[Records contained in a dataset]
========================
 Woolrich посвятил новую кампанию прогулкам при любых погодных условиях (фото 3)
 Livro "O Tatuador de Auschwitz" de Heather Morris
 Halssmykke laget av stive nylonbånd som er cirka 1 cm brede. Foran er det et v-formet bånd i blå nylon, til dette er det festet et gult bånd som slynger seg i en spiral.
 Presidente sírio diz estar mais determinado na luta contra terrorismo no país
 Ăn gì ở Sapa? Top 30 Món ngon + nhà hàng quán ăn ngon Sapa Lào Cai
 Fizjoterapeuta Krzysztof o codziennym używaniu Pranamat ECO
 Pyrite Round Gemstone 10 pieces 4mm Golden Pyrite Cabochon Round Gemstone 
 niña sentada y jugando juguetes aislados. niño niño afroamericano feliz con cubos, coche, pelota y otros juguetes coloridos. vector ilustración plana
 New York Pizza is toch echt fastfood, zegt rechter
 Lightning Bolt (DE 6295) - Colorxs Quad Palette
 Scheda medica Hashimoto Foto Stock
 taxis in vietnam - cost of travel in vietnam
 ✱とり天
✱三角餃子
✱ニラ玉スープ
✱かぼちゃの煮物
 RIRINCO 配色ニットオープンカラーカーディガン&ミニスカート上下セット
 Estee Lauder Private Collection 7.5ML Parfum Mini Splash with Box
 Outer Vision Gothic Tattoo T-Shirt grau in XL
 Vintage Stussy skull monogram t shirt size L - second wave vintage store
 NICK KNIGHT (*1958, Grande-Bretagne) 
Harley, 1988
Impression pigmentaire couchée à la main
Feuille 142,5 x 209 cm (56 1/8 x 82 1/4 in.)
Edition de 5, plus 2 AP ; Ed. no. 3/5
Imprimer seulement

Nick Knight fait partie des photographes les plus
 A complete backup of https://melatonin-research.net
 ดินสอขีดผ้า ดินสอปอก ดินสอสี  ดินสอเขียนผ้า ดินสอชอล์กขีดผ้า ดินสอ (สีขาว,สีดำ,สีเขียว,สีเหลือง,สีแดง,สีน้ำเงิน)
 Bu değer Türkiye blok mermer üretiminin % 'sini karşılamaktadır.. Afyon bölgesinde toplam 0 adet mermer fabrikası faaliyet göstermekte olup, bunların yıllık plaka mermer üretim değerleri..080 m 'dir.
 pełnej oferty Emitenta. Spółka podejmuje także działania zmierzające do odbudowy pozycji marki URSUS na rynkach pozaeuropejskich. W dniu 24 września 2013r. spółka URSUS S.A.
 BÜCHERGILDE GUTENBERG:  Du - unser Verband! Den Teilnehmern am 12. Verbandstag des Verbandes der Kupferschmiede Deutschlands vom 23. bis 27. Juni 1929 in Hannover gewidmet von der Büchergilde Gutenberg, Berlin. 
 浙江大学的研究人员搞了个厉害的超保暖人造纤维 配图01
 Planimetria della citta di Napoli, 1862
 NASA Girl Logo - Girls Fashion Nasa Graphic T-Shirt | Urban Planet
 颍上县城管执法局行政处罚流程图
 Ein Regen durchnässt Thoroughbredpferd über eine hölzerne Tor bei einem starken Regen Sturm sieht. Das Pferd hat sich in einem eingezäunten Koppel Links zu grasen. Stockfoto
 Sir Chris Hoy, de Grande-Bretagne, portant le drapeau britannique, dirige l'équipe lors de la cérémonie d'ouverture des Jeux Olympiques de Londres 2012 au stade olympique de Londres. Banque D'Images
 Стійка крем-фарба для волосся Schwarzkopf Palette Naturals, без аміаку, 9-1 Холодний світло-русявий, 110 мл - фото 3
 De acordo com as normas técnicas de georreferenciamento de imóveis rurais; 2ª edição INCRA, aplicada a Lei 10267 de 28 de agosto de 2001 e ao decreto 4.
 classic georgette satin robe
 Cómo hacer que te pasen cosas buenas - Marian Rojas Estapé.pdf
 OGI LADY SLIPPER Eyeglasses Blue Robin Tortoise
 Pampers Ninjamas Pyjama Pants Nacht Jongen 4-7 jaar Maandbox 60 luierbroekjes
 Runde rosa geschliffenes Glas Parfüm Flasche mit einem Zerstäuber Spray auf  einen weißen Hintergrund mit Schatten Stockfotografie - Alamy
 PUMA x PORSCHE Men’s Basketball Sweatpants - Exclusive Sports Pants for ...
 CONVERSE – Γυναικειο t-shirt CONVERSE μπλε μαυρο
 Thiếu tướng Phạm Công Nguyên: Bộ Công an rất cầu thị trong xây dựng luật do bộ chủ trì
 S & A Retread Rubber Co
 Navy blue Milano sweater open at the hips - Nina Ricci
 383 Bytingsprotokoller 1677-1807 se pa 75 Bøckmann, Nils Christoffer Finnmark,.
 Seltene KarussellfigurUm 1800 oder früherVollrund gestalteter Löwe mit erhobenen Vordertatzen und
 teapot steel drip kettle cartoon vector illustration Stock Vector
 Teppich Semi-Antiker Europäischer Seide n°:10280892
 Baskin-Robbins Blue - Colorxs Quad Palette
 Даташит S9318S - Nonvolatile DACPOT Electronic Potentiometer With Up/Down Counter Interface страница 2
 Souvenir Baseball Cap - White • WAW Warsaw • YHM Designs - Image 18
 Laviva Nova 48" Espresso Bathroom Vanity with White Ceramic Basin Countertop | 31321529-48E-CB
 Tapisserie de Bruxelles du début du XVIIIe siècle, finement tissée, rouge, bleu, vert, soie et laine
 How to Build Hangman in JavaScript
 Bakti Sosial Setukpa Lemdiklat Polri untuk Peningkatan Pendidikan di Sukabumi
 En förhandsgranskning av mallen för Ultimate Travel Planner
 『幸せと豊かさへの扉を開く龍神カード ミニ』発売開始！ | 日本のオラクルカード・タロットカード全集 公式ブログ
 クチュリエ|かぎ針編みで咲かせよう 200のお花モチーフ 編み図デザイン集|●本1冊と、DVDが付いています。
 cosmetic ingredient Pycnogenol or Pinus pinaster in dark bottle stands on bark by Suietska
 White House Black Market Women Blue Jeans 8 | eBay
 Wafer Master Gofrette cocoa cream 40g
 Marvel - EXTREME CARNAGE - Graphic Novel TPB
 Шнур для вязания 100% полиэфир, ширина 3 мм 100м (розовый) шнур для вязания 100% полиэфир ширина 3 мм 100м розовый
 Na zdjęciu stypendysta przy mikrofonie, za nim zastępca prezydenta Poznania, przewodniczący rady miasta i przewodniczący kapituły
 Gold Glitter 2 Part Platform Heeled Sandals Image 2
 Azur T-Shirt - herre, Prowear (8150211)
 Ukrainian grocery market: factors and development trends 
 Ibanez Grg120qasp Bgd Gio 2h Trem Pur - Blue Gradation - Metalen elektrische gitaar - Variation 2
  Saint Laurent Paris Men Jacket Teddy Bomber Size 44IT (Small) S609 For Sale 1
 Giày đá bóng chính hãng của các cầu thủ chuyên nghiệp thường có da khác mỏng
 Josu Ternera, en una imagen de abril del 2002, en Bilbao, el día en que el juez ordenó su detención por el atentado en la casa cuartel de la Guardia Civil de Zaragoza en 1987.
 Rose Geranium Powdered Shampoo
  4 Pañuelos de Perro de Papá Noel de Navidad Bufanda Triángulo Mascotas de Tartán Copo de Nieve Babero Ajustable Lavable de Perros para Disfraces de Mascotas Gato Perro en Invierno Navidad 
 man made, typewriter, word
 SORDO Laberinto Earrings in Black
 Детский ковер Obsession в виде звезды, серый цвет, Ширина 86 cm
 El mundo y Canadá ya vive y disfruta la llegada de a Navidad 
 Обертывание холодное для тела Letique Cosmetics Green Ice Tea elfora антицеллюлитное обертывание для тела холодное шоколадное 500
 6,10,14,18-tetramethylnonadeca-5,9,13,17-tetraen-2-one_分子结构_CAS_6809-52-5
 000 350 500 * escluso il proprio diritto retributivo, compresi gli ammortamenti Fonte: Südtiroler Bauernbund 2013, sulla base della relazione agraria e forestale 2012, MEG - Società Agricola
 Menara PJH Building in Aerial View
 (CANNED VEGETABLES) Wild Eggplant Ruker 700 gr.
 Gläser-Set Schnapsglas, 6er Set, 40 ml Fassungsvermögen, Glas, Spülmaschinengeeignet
========================
**Exercise requirements**
Each line from the one with "Wafer Master Gofrette cocoa cream 40g" through the end of the entries above is to be returned word for word. Nothing else belongs in the answer.

**Result of the exercise**
 Wafer Master Gofrette cocoa cream 40g
 Marvel - EXTREME CARNAGE - Graphic Novel TPB
 Шнур для вязания 100% полиэфир, ширина 3 мм 100м (розовый) шнур для вязания 100% полиэфир ширина 3 мм 100м розовый
 Na zdjęciu stypendysta przy mikrofonie, za nim zastępca prezydenta Poznania, przewodniczący rady miasta i przewodniczący kapituły
 Gold Glitter 2 Part Platform Heeled Sandals Image 2
 Azur T-Shirt - herre, Prowear (8150211)
 Ukrainian grocery market: factors and development trends 
 Ibanez Grg120qasp Bgd Gio 2h Trem Pur - Blue Gradation - Metalen elektrische gitaar - Variation 2
  Saint Laurent Paris Men Jacket Teddy Bomber Size 44IT (Small) S609 For Sale 1
 Giày đá bóng chính hãng của các cầu thủ chuyên nghiệp thường có da khác mỏng
 Josu Ternera, en una imagen de abril del 2002, en Bilbao, el día en que el juez ordenó su detención por el atentado en la casa cuartel de la Guardia Civil de Zaragoza en 1987.
 Rose Geranium Powdered Shampoo
  4 Pañuelos de Perro de Papá Noel de Navidad Bufanda Triángulo Mascotas de Tartán Copo de Nieve Babero Ajustable Lavable de Perros para Disfraces de Mascotas Gato Perro en Invierno Navidad 
 man made, typewriter, word
 SORDO Laberinto Earrings in Black
 Детский ковер Obsession в виде звезды, серый цвет, Ширина 86 cm
 El mundo y Canadá ya vive y disfruta la llegada de a Navidad 
 Обертывание холодное для тела Letique Cosmetics Green Ice Tea elfora антицеллюлитное обертывание для тела холодное шоколадное 500
 6,10,14,18-tetramethylnonadeca-5,9,13,17-tetraen-2-one_分子结构_CAS_6809-52-5
 000 350 500 * escluso il proprio diritto retributivo, compresi gli ammortamenti Fonte: Südtiroler Bauernbund 2013, sulla base della relazione agraria e forestale 2012, MEG - Società Agricola
 Menara PJH Building in Aerial View
 (CANNED VEGETABLES) Wild Eggplant Ruker 700 gr.
 Gläser-Set Schnapsglas, 6er Set, 40 ml Fassungsvermögen, Glas, Spülmaschinengeeignet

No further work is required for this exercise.